Not surprisingly, again if the Bible is to be believed, we ourselves live in redistributionist times. Democracy only goes so far in restraining this impulse in civilization. It should come as no surprise to us, again, especially those of us who read the Bible, that the increasing influence on money in politics has coincided with an increasing concentration of wealth in the hands of the few. A hard working so-called unskilled (I say so-called unskilled because I think God finds the notion rather offensive--God does not create unskilled labor) laborer cannot earn a living wage as wealth has been redistributed from labor to capital. Those who make money from money have fared far better over the last 40 years than those who make money from work of hands and mind. The biblically trained mind is very suspicious of this turn of events. The old canard that the poor are lazy is one of many convenient tropes the Bible exposes by which the wealthy justify themselves. Are there lazy poor people? Sure. But I am guessing no more than any other group. The notion that hard work automatically leads to wealth is absurd. The most hard working people I have ever known are among the poorest. I wonder why that is. The Bible has some ideas.

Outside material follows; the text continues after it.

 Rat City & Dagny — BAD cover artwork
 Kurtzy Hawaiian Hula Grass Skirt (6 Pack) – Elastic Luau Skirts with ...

How did we get here? I mean how did we end up with "conservative Bible believing Christians" demonizing the poor, and venerating the wealthy? During the first gilded age, the iconic fundamentalist Christian politician was William Jennings Bryan, railing against the exploitation of the have nots by the haves of industry and Wall Street. During our most recent gilded age, which is still hanging on, the cry of Bryan's constituency is against the injustices inflicted upon the wealthy. How is it that a biblically shaped society can not only ignore the relentless biblical injunctions to care for, and see the image of God in, the poor, the sick, the imprisoned and the alien, but turn it around and turn these into objects of scorn?

The pagan vital virtues which Nietzsche celebrated, honor, strength, power, pride, ruthlessness, winner-take -all competition, and the like are compelling to human beings. It is no surprise they die hard in the face of the biblical onslaught of mercy, forgiveness, honoring the weak, humility, and sacrificial love. Perhaps it is a resurgence of these values which brings us to this place. I should say that both political parties have led us on the redistributionist path, marching to the drum beat of those paying the hefty bills of politics, and controlling the airwaves.

Capitalism, feudalism, mercantilism, socialism, communism, colonialism, and any other human economic ideology, like all of human culture, is under God's judgment. It is easy to single it out because it is our system. But it has the capacity to enable humans to express goodness and evil. We are wrong either to demonize it or venerate it in black and white fashion, and are wise to address it through the biblical lens with all the subtlety of thought we can muster. The biblical economic models, such as the jubilee system, are impossible to impose on a modern economy. We must work with what we have. But as biblical people, work we must for the just ends which God intends for creation.


1 comments:

Bonnie said...

Wow, Phil!

"with all the subtlety of thought we can muster" challenges me and gives me hope for the journey! Exciting stuff.

Perhaps the convergence of your column with the "purple state" segment on promoting civil conversation with Lanny Davis and Michael Steele on Morning Joe this morning gives credence to the activity of morphogenic fields in our world? Radical? Amazing? --credit to Judy Cannato, "Radical Amazement".

Thank you for thought provoking, "keep the faith" entries.